Question

Earlier in the class we discussed how a Meet in the Middle attack made double-DES (encrypting something twice in a row with two separate keys of DES) not nearly as secure as we might think. This came at the cost of storing many possible decryptions in a table. For this question I want you to calculate how much storage space it would take to store the information necessary to do a meet in the middle attack on double-AES (of 128 bits). State any assumptions you have to make. This storage size should be in gigabytes. This might be a large number.

Answer 1

Question:-

Earlier in the class we discussed how a Meet in the Middle attack made double-DES (encrypting something twice in a row with two separate keys of DES) not nearly as secure as we might think. This came at the cost of storing many possible decryptions in a table. For this question I want you to calculate how much storage space it would take to store the information necessary to do a meet in the middle attack on double-AES (of 128 bits). State any assumptions you have to make. This storage size should be in gigabytes.
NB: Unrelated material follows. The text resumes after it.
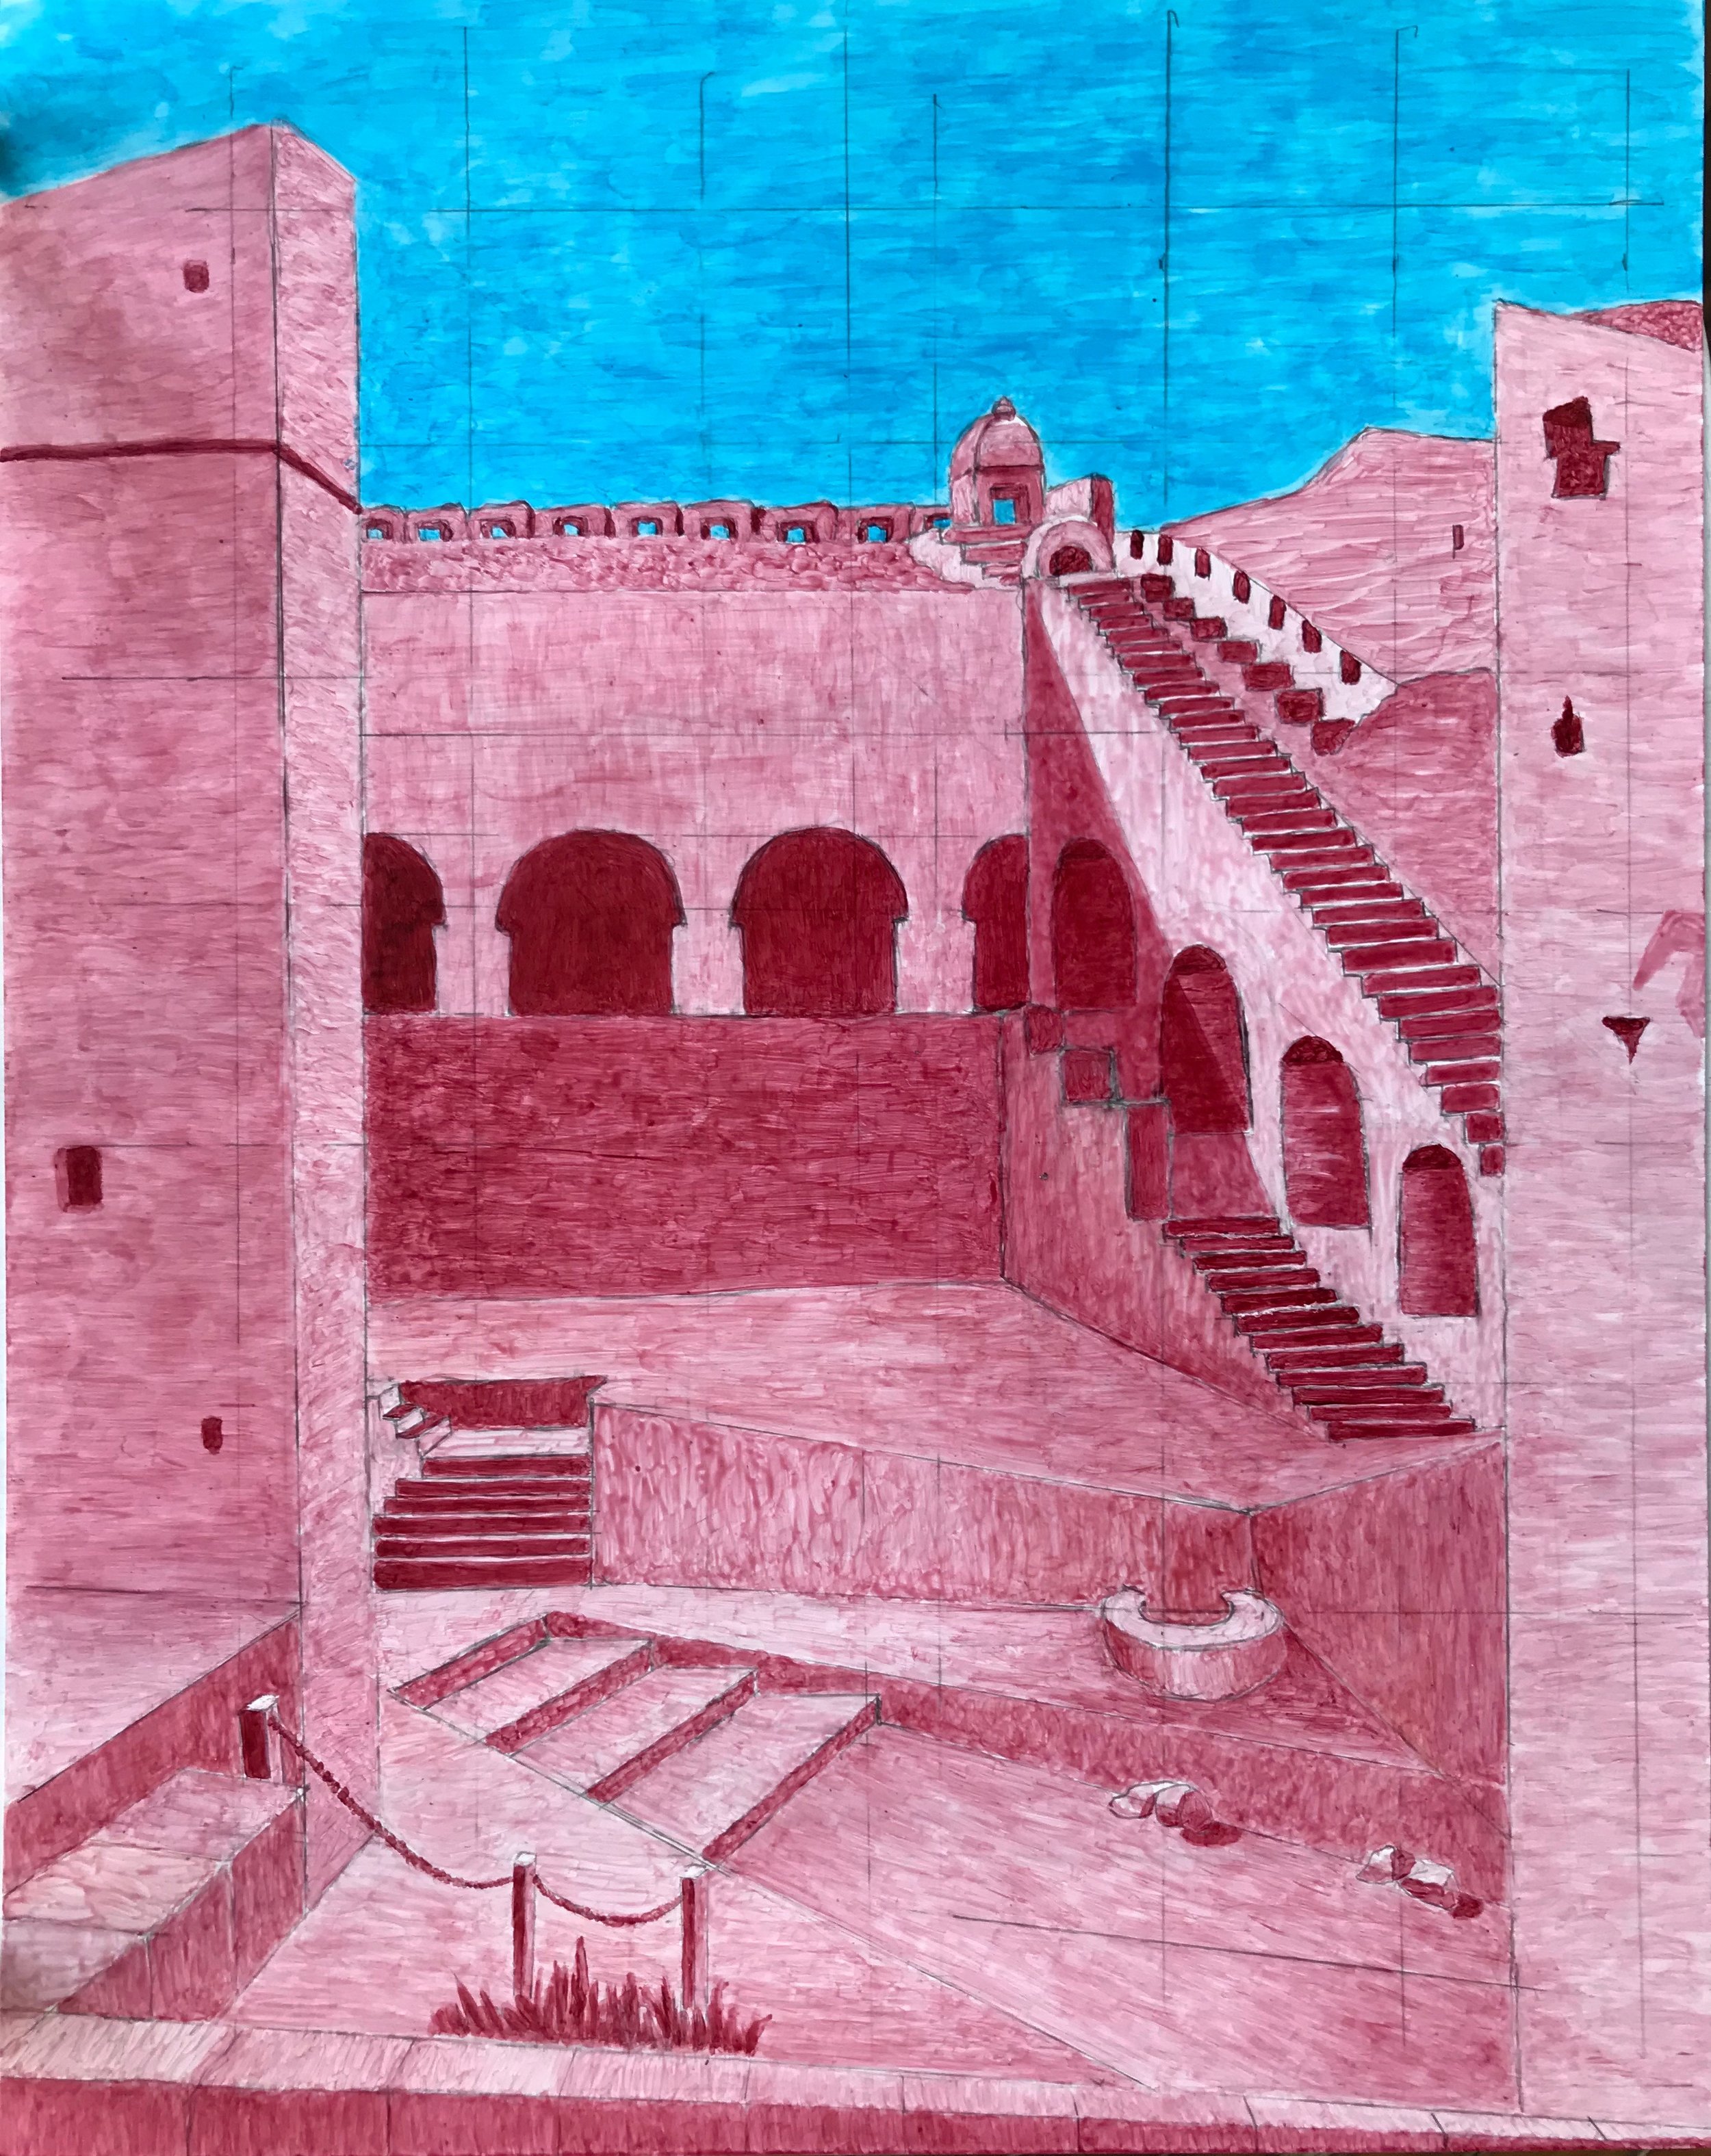 Palamidi Fortress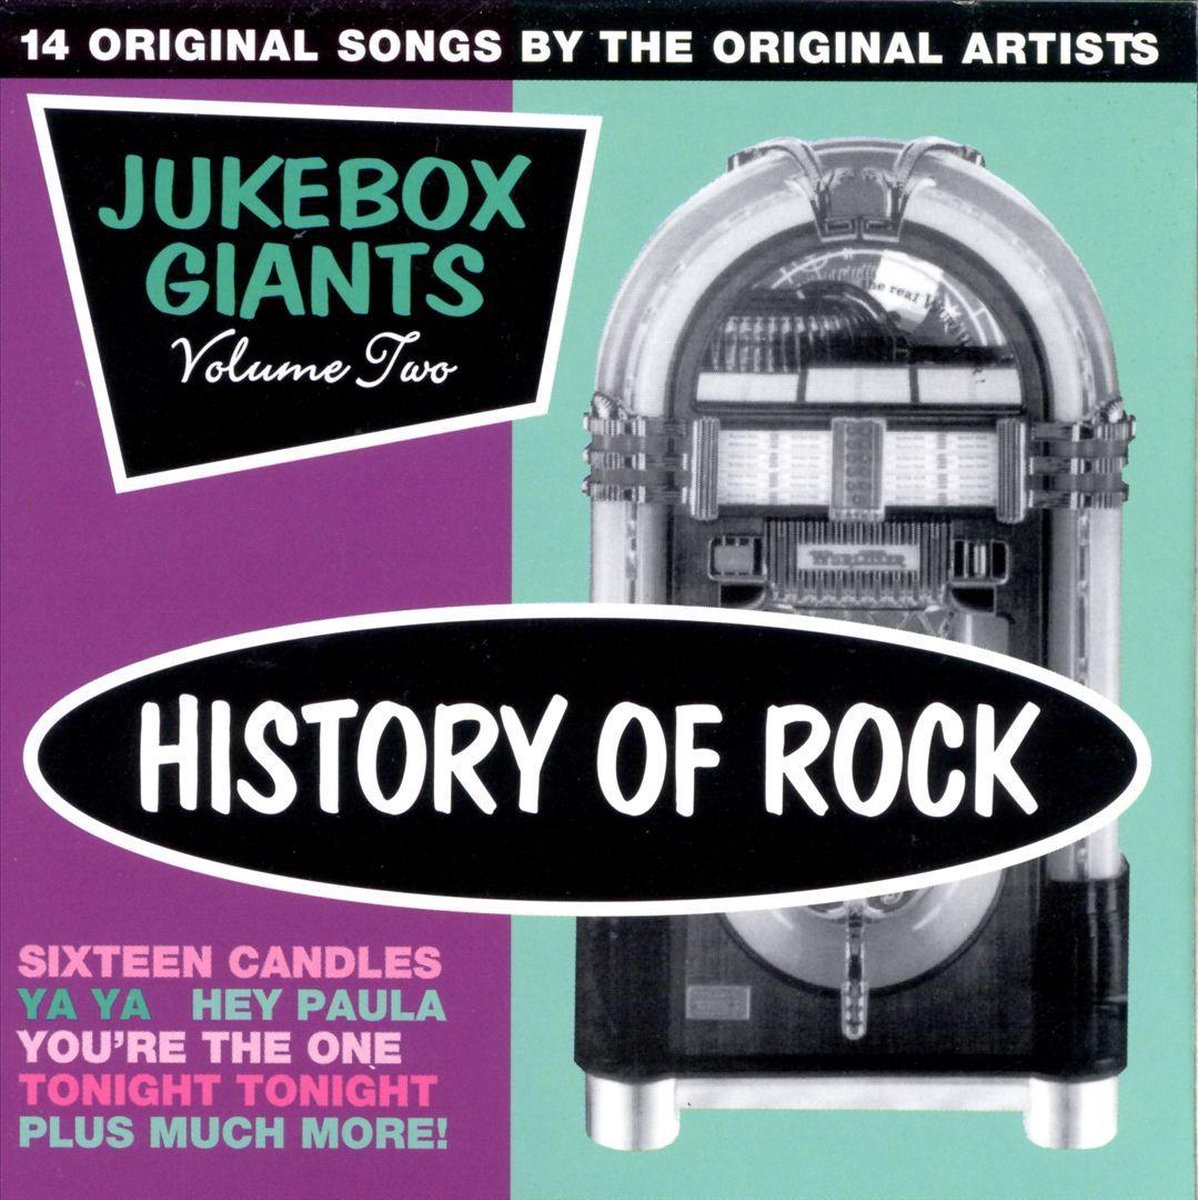 History Of Rock: Jukebox Giants Vol. 2 - various artists

This might be a large number.

Answer:-

• The DES key given is 128 bits, in which every eighth bit is parity check, so overall 16 bits is for parity check remaining 112 bit key is for DES.
• The size of the key space which is nothing but storage space is 2^{112} and for double DES, intuitively double the key space is required which is nothing but 2 × 2^{112} = 2^{113} bits.
• This we have to convert into gigabyte.
• Approximately, 1 gigabyte = 8000000000 bits.

To convert 2^{113} bits to gigabyte we need to divide 2^{113} /8000000000. This will give you the answer in gigabyte which is ofcourse a large number.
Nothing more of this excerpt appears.